MY BROTHER

CHAPTER 39

Jeremy Cunningham, now looking very silly (costumed, even) in a policeman’s coat that was stained with someone else’s blood, gave a feeble smile and a weak shake of his head. He tried to say something – that’s ridiculous, perhaps – but it came out, well, choked.

Audrey looked as surprised as everyone else: she clearly thought the Sabres had followed through on their threats to kill her son. Jeremy had, like the Agatha Christie on the shelf, been hiding under a different name: Darius Crawford, the name he’d given himself as he acted out a bumbling local cop. His other alias, the one the media had given him, the Black Tongue, was the opposite of bumbling. He had chalked up five murders and one coerced suicide. Like I said, some of us are high achievers.

It’s not one of Knox’s rules, but you should never believe someone is dead until you’ve actually seen a body.

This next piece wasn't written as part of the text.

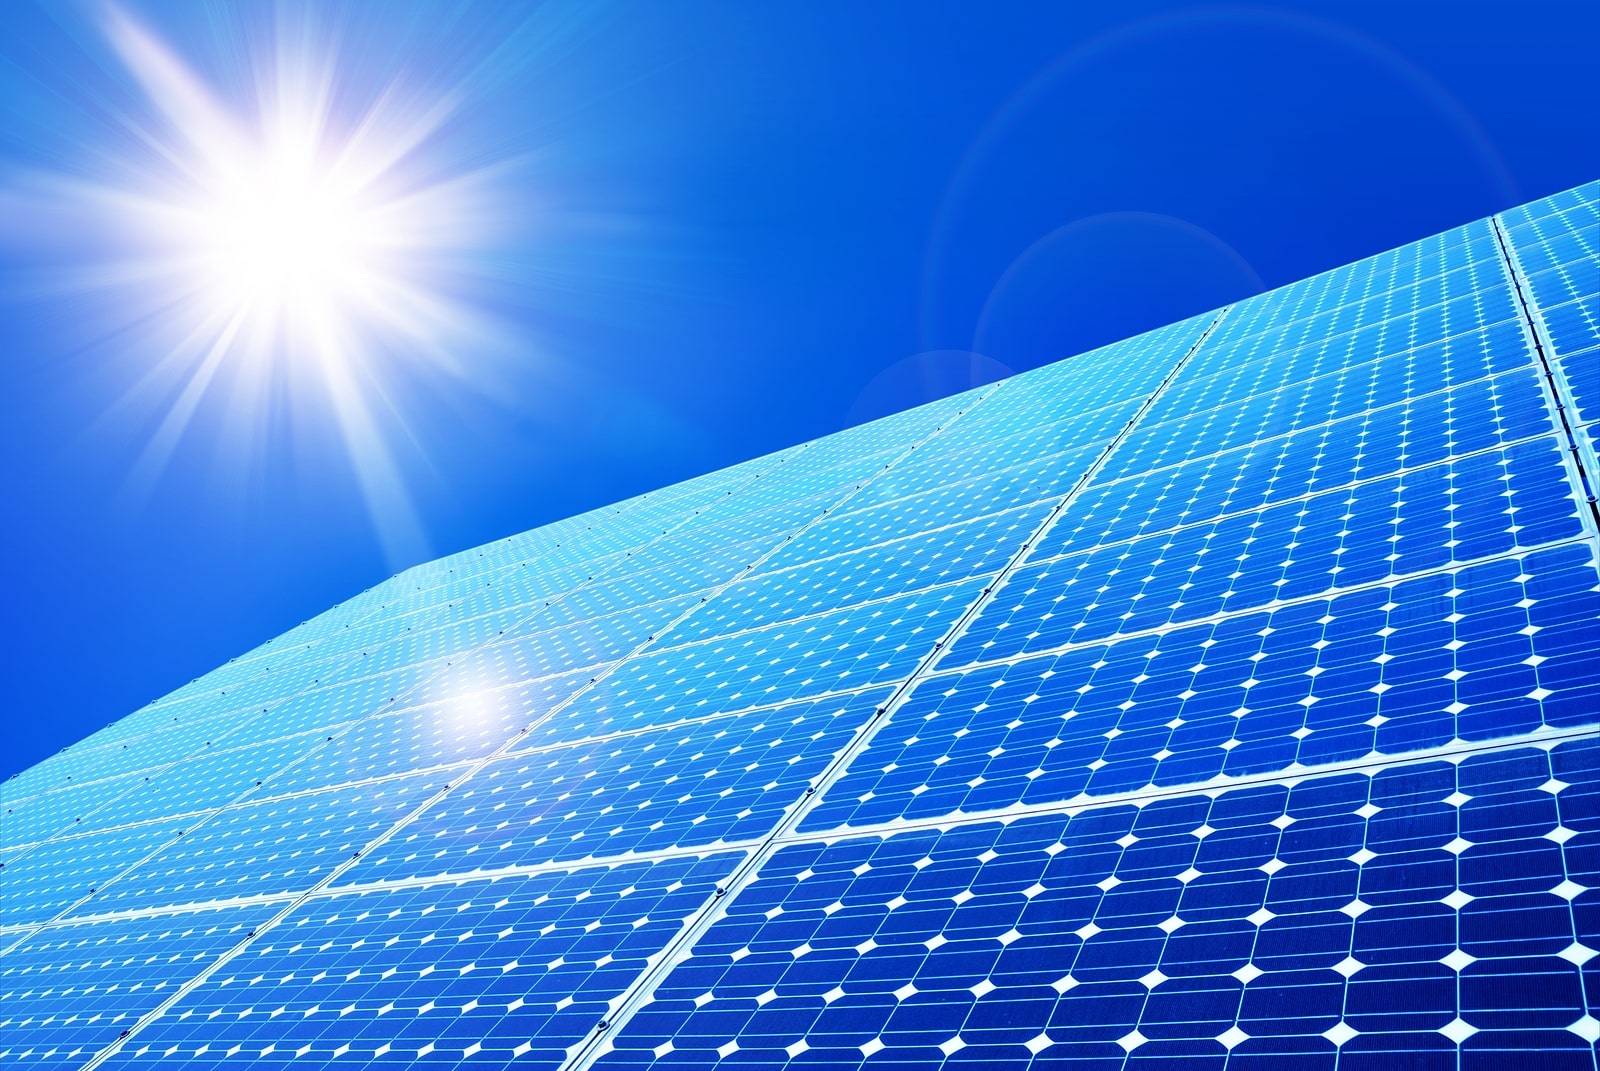 Why You Should Consider Installing Solar Panels

I addressed Jeremy directly now. The parlour show was over. ‘Green Boots had to be a local. It’s why you only showed the photo to our family, but kept it from everyone else, even Juliette, under the guise of preventing panic, because any local would have recognised him. All the staff are up here on the mountain for the season – they’ve been here for months. It might not be suspicious that there’s a new cop from town they hadn’t met, but they would recognise the sergeant immediately. That’s why you wanted him out of sight so quickly, locked away in the shed. And you took his coat, but you didn’t take his shoes: steel caps are a usual part of a policeman’s uniform, and the body was wearing them, but Erin stepped on your toe while chasing the truck, and it hurt, which means that you are not. You could have pretended to be anyone, really, but I think you wanted to be someone with the power to separate us. That’s also the reason you made the sergeant’s death such a public statement, so you could split Michael off. But you were nervous, too nervous, and every step you took that looked like legitimate police work – identifying the body, controlling panic – was instead to make sure your disguise held up. So, when a Cunningham asked, you showed us the photo. It looked like you were doing the right thing. You were really making sure we didn’t know the corpse’s true identity. That’s why you were nervous when we were around the body. I just thought you were squeamish.

‘But what you weren’t expecting was Lucy’s reaction, for her to recognise the victim as the policeman who’d given her a speeding ticket on the way up. When she stormed out, I thought she said, “You’re the boss”. But she actually said, “It’s your boss.” She hadn’t thought to accuse you yet – she was thinking aloud – but she knew something was off. She didn’t put it together until she got up to the roof and googled the Jindabyne police department. But by then we’d filtered off to bed and you’d followed her up there, and she didn’t want to die like Michael, so she jumped.

‘You lied about how you got here so fast too. You said you’d been on the speed radar all night catching tourists, but that can’t have been true because Lucy, at some point, would have surely spat on you over the ticket she got. More police were never arriving – you told us they were caught dealing with the roads, but how do two passenger coaches get up here and one police car can’t find its way when there have been two murders? Of course, none of this twigged at first. You seemed reliable. There were three sets of footprints to the body and only one back: enough for one victim, one arriving policeman and one killer who’d left. I thought this meant the killer had called in the body themselves, before’—I used air quotes here— ‘Officer Crawford had arrived, being the third set. I was right that the killer did call it in, or at least pretended to. Because no one else discovered the body, you discovered it yourself – it was part of your act. You went up there twice. First, with the sergeant, when you tied the bag around his head, walked him up there to die, and then took his coat, and then again in the morning.’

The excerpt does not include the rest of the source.